Used dryer sheets work great on dusty TV and
computer screens. There may be some screens
that we're not supposed to touch, but everything I
have is old so I can use them just fine.
If you have stinky feet, stuff a dryer sheet into
each sneaker or shoe and the shoes will smell
a lot nicer.
Keep fresh dryer sheets in the linen closet and
maybe one in your lingerie drawer. If I can find
dryer sheets which have a lavender fragrance, those
are the best of all.
If you have books that have gotten damp, dry them
out by placing used dryer sheets between pages.
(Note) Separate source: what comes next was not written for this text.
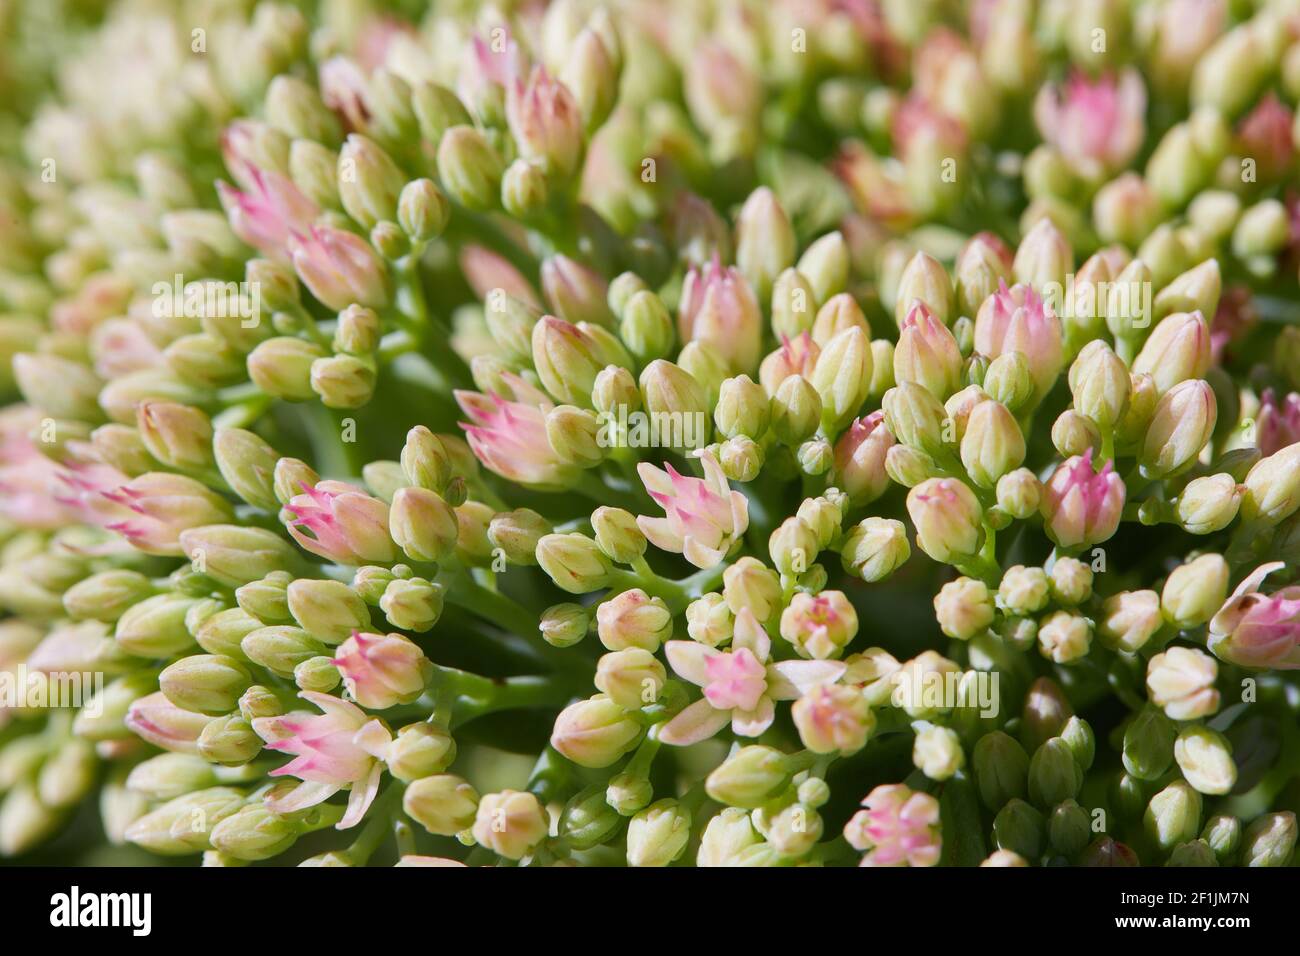 Showy stonecrop, or ice plant (Hylotelephium spectabile) is ready to bloom, close up buds.  This plant belongs to the stonecrop family, Crassulaceae. Stock Photo

Store books with fresh dryer sheets to retard mold.
Hope this helps. Julia in Boca Raton, FL
Going over a pets coat is supposed to keep them from feeling the static from thunder and lightning, also at the gas station keep one in your pocket to reduce static, but still touch the steel frame of the car before pumping gas. I like them after they are used because they don't have lint on them.
Here are some more uses:
By Robyn Fed
I put them inside my brother's shoes to control the stinkiness.
Put them in boxes and containers of items to be stored for awhile to control the stale odors that accumulated in them.
I don't use a mousepad and my mouse is wireless; I wipe down the hard surface of my desk with an used dryer sheet and it makes it easier to use my mouse. (05/15/2010)
Wet ones take bugs off of cars. Rub one on frizzy hair, poof all gone! Put in vacuum bags for fresh air when you clean. Keep one in bottom of trash cans, closets, luggage, etc. (06/04/2010)
What are some other uses for dryer sheets?
I keep my used dryer sheets in an empty Clorox Bleach Wipe container.
Extend the life of your dryer sheets. First they are extremely useful for cleaning the lint trap.
When I am done with a load of laundry I take the used dryer sheet and throw it back into the dryer in case I need a touch up on an item of clothing.